Подобно двум разноцветным, живым, усеянным блесками гирляндам, растянулось воинство по зеленой равнине; подобно ропоту волн, шумел никогда не умолкающий его говор. Грянула вестовая пушка, и ряды в беспорядке двинулись вперед, кроме перепадавших от испуга в обморок.
В первых рядах торговки; вслед за ними провинциальные дамы; по сторонам вооруженные ножами кухарки и прачки; в центре — трактирщицы; немного позади — всегда веселые горничные; в арьергарде дрожащий beau-monde[25] всех девяти частей Утрехта, — для примера.

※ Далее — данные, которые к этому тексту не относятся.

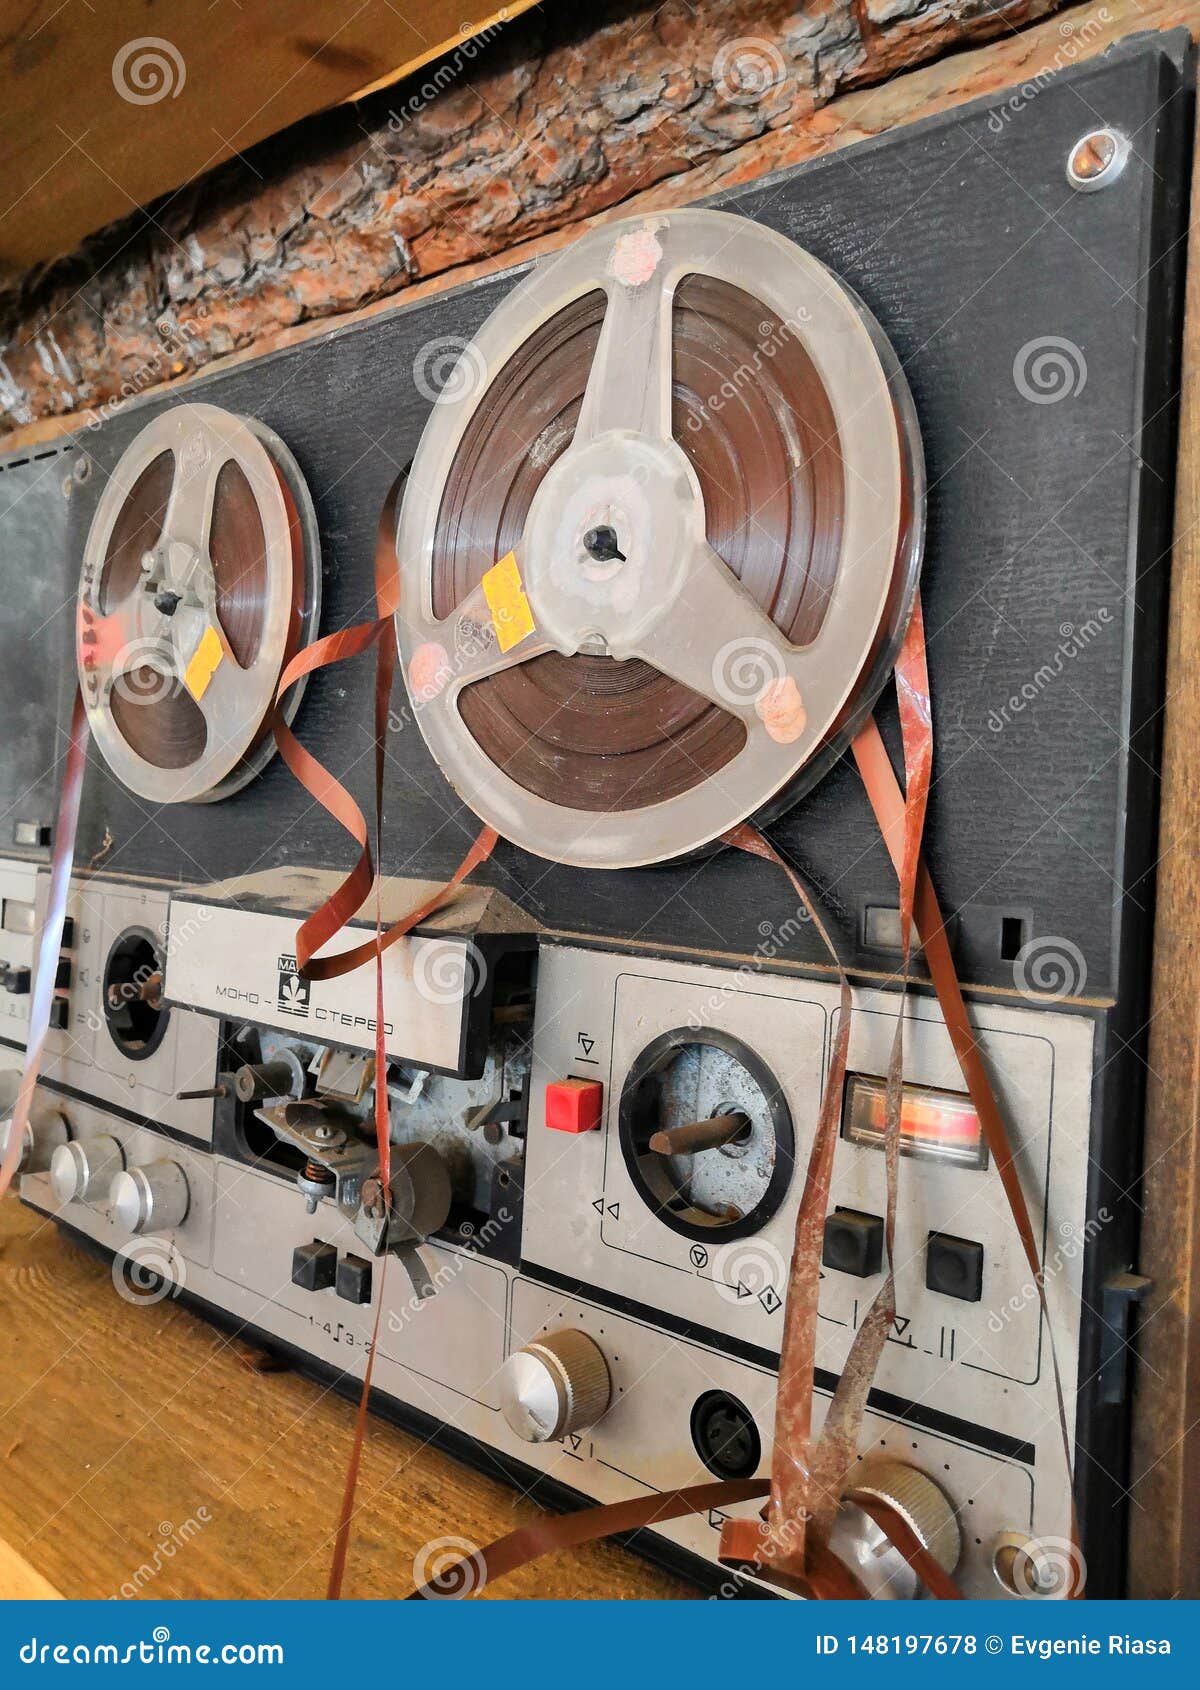 Old Broken Reel. Old Music Center Studio Tape Recorder. the Tape is Wound  on a Reel Bobbin Editorial Stock Photo - Image of famous, cable: 148197678
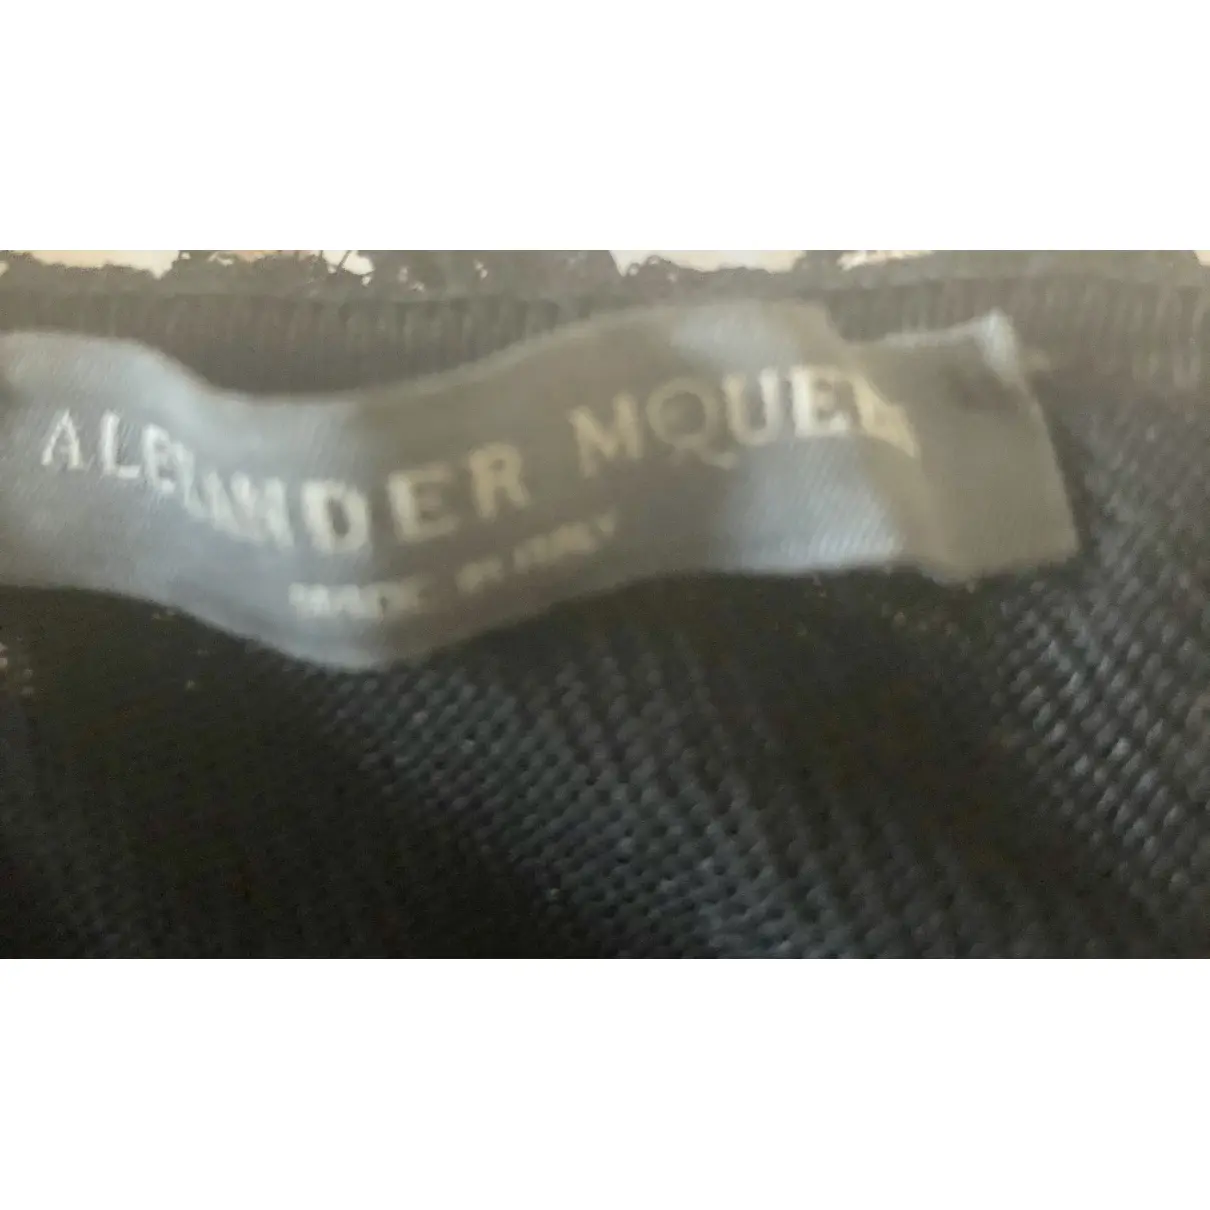 Alexander McQueen Lace mid-length dress for sale

Где мне взять перо Гомерово
С звонкой лирой Аполлоновой,
Чтобы вам теперь описывать
Беспримерное сражение?
Не унылым песням горлинки
Петь победы Ахиллесовы;
Не пустынному отшельнику
Спорить с кликами народными.
Помогите, музы Греции,
Ты, живая муза Байрона!
Отлетите на мгновение
От Парнаса громоносного;
Принесите мне, пустыннику
Стрелы грозные Юпитера,
Красноречие Меркурия!
Страшно плыть в ладье без паруса,
Без кормила и без кормчего;
Безрассудно в час полуночи
В путь пускаться одинокому.
Не летят ни музы Греции,
Ни живая муза Байрона;
Нет, не мне, не мне описывать
Беспримерное сражение!
Ни звучного ура, ни ободрительного — в штыки! Новые слова, повыл восклицания. Оружие в сторону, руки вперед, и — за волосы!..
Гони природу в дверь, она влетит в окно!
Beau-monde, в смущении, направо кругом и назад; горничные с хохотом в разные стороны.
Солнце взошло совершенно; все ожило новою жизнью, — сражение продолжается. Солнце уже высоко; тепло, жарко, душно; все ищет убежища под сенью прохлады, — сражение продолжается. Скоро вечер; утомленная природа с нетерпением ждет смены небесных стражей, все смотрит на запад, — сражение продолжается. Довольно! довольно! Завтра можно начать снова! Давно уже вечер! Роса, сыро, простуда, лихорадки, горячки!.. Сражение продолжается.
— Что нам теперь с ними делать? — Я говорила, не стоило начинать! — Я говорила, этому и конца не будет! — Я говорила, все это напрасно! — Я говорила, лучше было дома сидеть! — Я говорила… — Я говорила… — Я говорила… — Помилуйте, не вы ли первые? — Я! Избави, Боже, меня от этого! Вы начали. — Вы! Нет, вы! — Я никогда не начинаю первая! — Вы начали. — Я и не думала! — Вы! — Нет, вы! — Вспомните хорошенько! Вы сказали… — Разве вы! — Я? До того ли мне теперь! Вы, сударыня, вы! — Нет, вы! — Маменька, вступитесь за меня! Я смертельно обижена! Я не могу долее оставаться здесь! Вы, сударыня, забываете, с кем говорите! Оставьте меня в покое! — Тетушка, разве вы не слышите, как смеются над вами! — Господи, Боже мой! невозможно жить более на свете! — О, мой Карл! — О, мой Фридрих! — О, мой Эрнест! — О, мой Юлий! — О, друзья мои, друзья мои! Помните ли, как мы были всегда покойны? С каким почтением всегда к нам относились? Как мы весело жили? Как искусно умели нам угождать все? Как приятно было в обществах? — Помните? — Помните? — Помните?